ヴァイマル共和国の教訓――分断された社会とポピュリズムとしてのナチズム

April 27, 2022

R-2021-095

※本稿は、2022年3月9日に開催されたウェビナー「歴史から考えるポピュリズム―戦間期ヨーロッパの経験から」で報告した内容の一部である。

「ヴァイマル状況」?
分断された社会
「国民政党」としてのナチ党

「ヴァイマル状況」?

近年、ドイツのメディアでは「ヴァイマル状況(Weimarer Verhältnisse)」や「ヴァイマルの亡霊(Gespenst von Weimar)」といった見出しをよく目にするようになった。ヴァイマル共和国(1919-1933年)とは、第一次世界大戦の敗戦と革命のなかで成立し、当時世界で最も先進的な民主憲法を備えていたドイツの共和政のことである。その共和政は、世界恐慌のなか左右の反体制勢力の挟撃に合い、ナチ政権の成立によって打ち倒された[1]。つまり、「ヴァイマル状況」という言葉が意味するのは、われわれの現在の状況がヴァイマル共和国と似ているのではないか、すなわち、民主政が危機にあり、ついには倒れてしまうのではないかという問いである。

その問いに対して、多くの論文、研究書、一般向け書籍が著されている。一例を挙げれば、筆者が小野寺拓也氏とともに監訳した『ナチズムは再来するのか?』(原題は『ヴァイマル状況?』)という本がある[2]。同書は、20174月から7月にかけてドイツのバイエルン放送と『フランクフルター・アルゲマイネ新聞』でメディアミックス的に展開された企画を書籍化したものであり、5人の歴史家と2人の政治学者がそれぞれの専門的知見に基づいて、現代とヴァイマル時代を比較したものである[3]

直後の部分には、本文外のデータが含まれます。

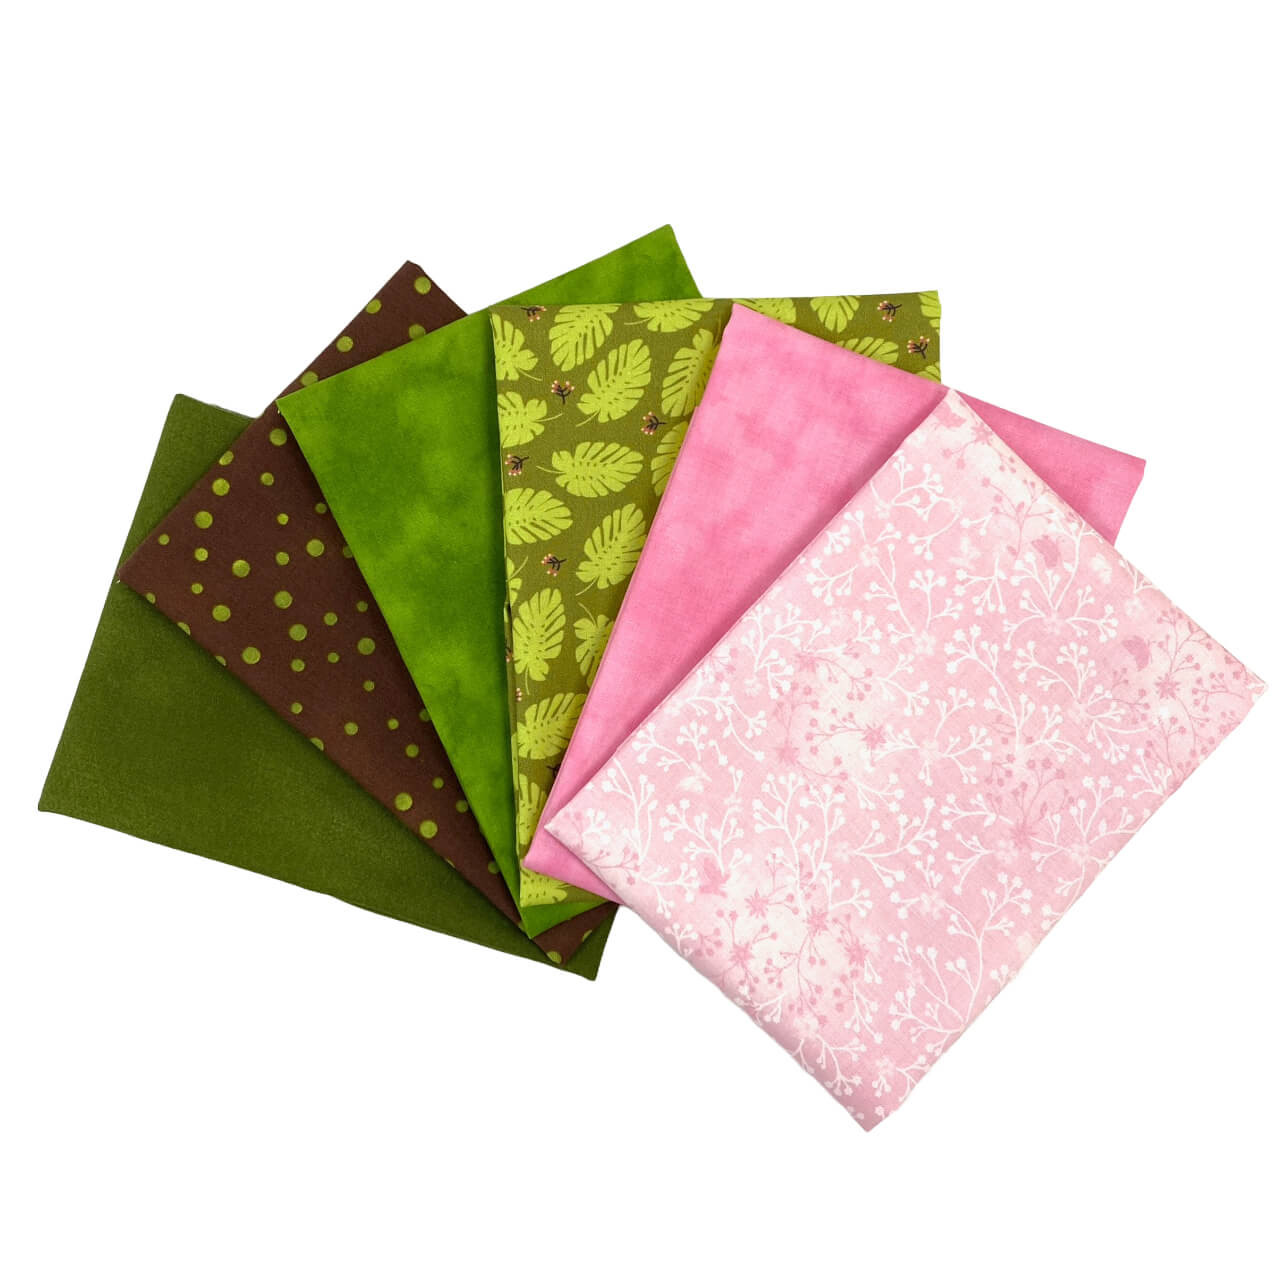 Custom-curated Cottage Garden fat quarter bundle by Benartex & John Jouden, featuring six fabrics in shades of pink and green.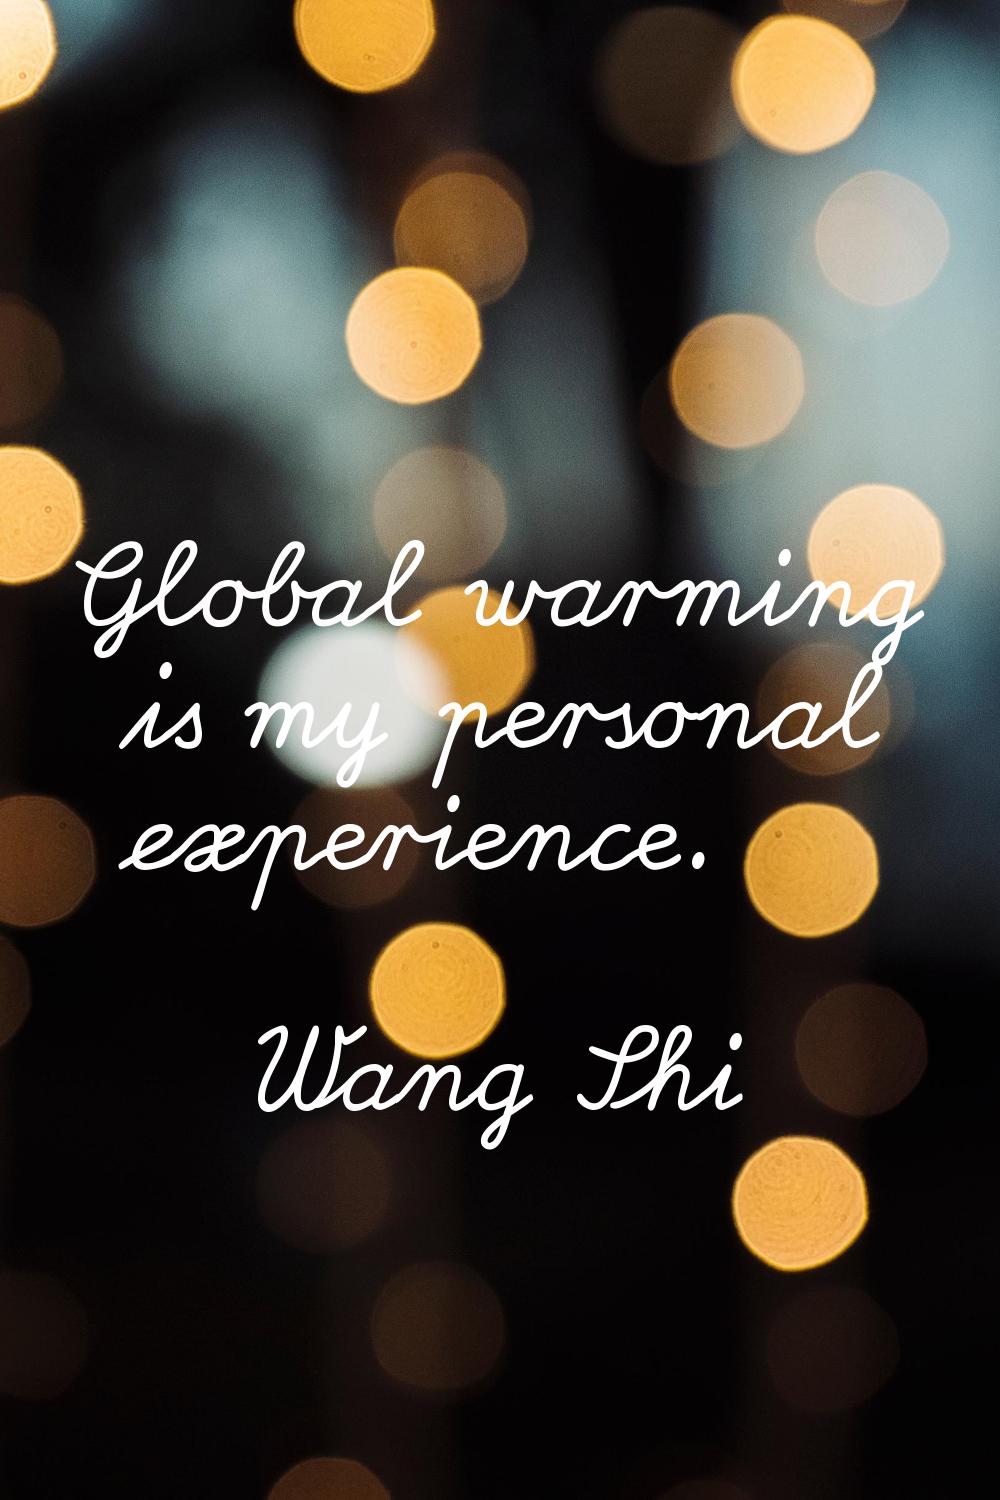 Global warming is my personal experience.

そうした研究の成果については後述するとして、ここではまず、なぜ「ヴァイマル状況」という言説が出てきたかを確認したい[4]

ヴァイマル共和国と現代を比較する言説が頻繁に飛び交うようになったのは、およそ15年前である。まず2007年の世界金融危機が、1929年の世界恐慌との比較を誘発した。そうした新聞記事は検索で無数に見つかるが、たとえば2010517日の『南ドイツ新聞』には「1929年と2008年」という論説が掲載されている。また、ユーロ危機で示されたドイツの徹底的な緊縮志向は、容易にブリューニング内閣との連想を呼び起こし、各紙に「ヴァイマルの亡霊」という言葉が並んだ(ブリューニングは世界恐慌時の首相であり、議会ではなく大統領緊急令に依拠して危機を乗り切ろうとし、緊縮財政とデフレ政策を進め、かえって左右の反体制派の躍進を招いた)。

そして、この10年でヴァイマルの類推は政治や社会の領域にまで広がった。ドイツにおいても「民主主義の危機」が危惧されたからに他ならない。それは、まずもって「ドイツのための選択肢(AfD)」の台頭に起因する。2013年に結成された同党は、当初は反ユーロ政党だったが、次第に右傾化・排外主義化を強め、とりわけ2015年の難民危機を背景に右翼ポピュリズム政党となり、勢力を伸ばした。2017年の連邦議会選挙では12.6%を獲得し、一気に第三党(結果的には野党第一党)に駆け上がり、21年の総選挙でも旧東側を中心に勢力を維持している。これで連邦議会に議席を有する主要政党は6党となり、中道の二大政党の凋落も相まって、多党化現象が生じた。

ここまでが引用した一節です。